The verifier agent does not perform an actual network management action. Its task is that of collecting important information, which might be useful for further operations of network management, from remote network devices to the starting host. It visits the nodes selected during the configuration, and computes a function whose purpose is the evaluation of the presence of a specific property of the system visited (for example, a software version, or the available space on disk, or the verification of some log files, etc.). The verifier agent then reports to the server, from which it departed, the list of the nodes that satisfy this property.

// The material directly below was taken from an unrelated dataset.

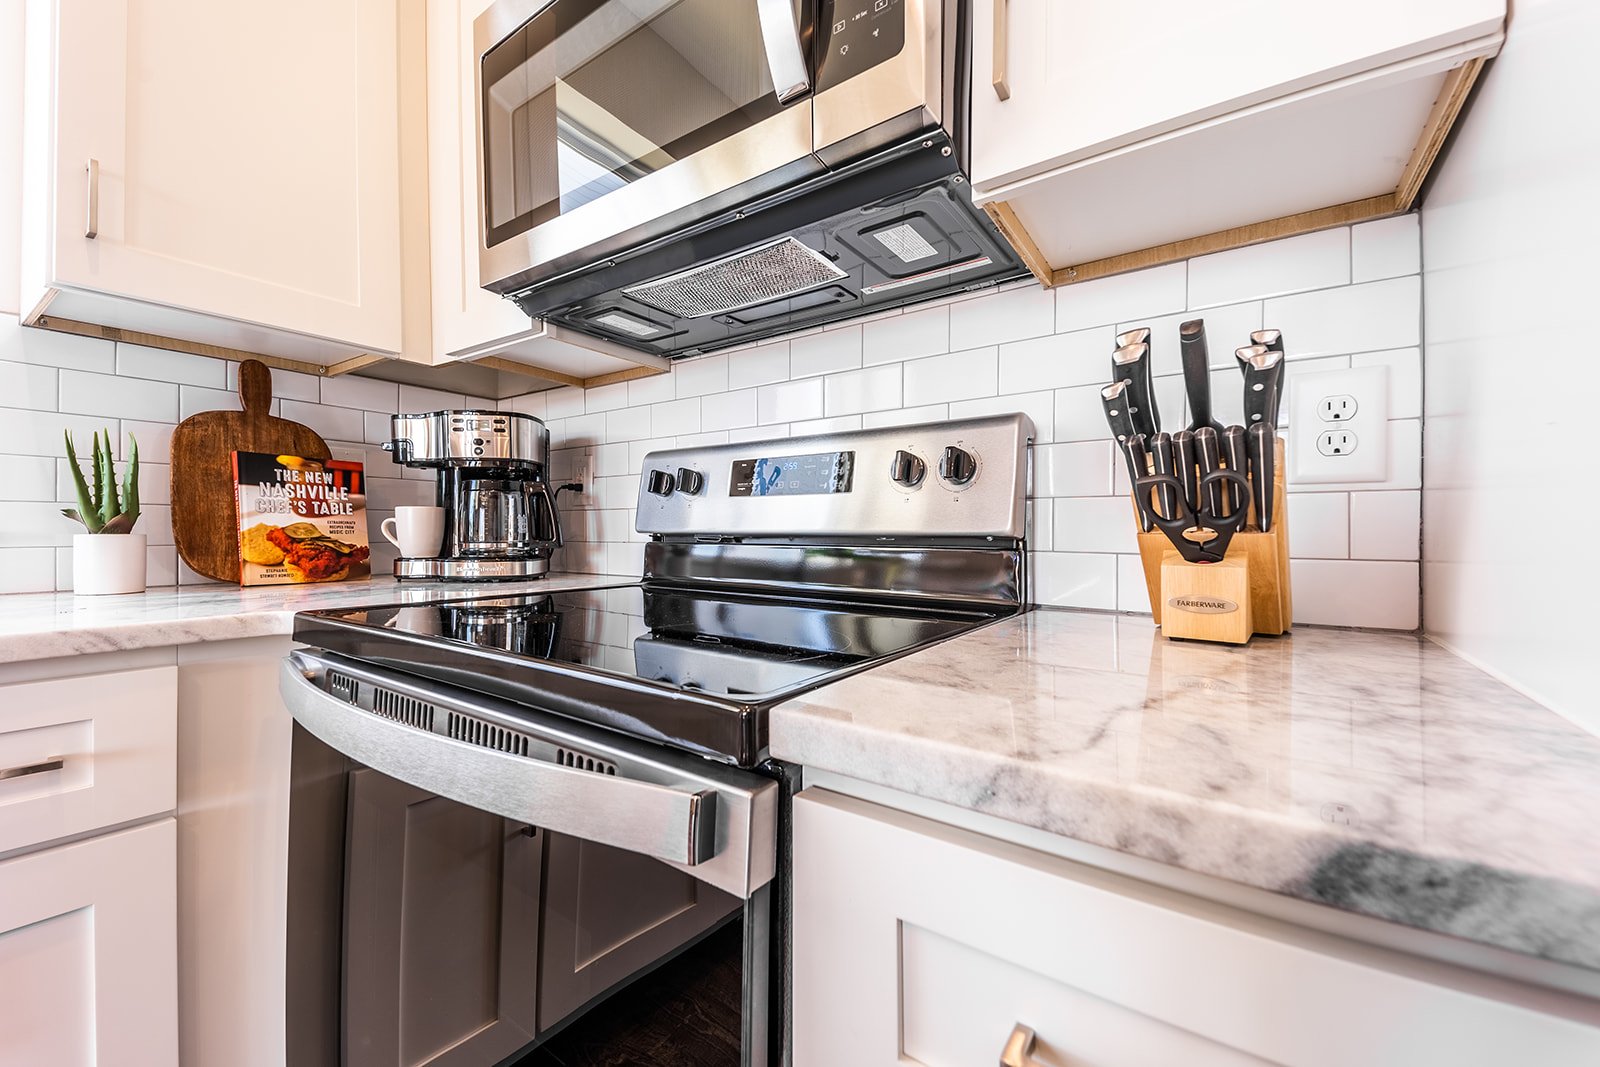 Unit 1 - Fully Equipped Kitchen stocked with your basic cooking essentials and stainless-steel appliances. (2nd Floor)

18.3.2 Mobile agents in multioperator networks
In 4G networks, many types of providers will be usually involved in order to complete the end-to-end service offering. Specifically, the SP (service provider) is responsible for the definition end delivery of the service characteristics, while the NP (network provider) provides the network infrastructure (i.e. high-speed network). In such an arrangement, the SP is essentially a customer of the NP, while the SP provides the service to its own customers or end-users (usually multiple customers with small to medium size). As a means of competition, many different NPs offer access to a remote CP (content provider) which provides multimedia services such as voice, data and video. Similarly, the SP is capable of accessing many different NPs to request service. The various network operators (providers) will then be competing to sell their network links to clients through a representative agent host, the network access broker (NAB)/the internetwork access broker (INAB).
A scenario that involves three competing NPs and two SPs is illustrated in Figure 18.3. The three networks are owned by three different operators, and each one of them is responsible for resource allocation and pricing strategies within its own environment.
Moreover, the three networks have some interconnection points with each other, therefore allowing traffic to flow among the different networks, as expected in an open marketplace.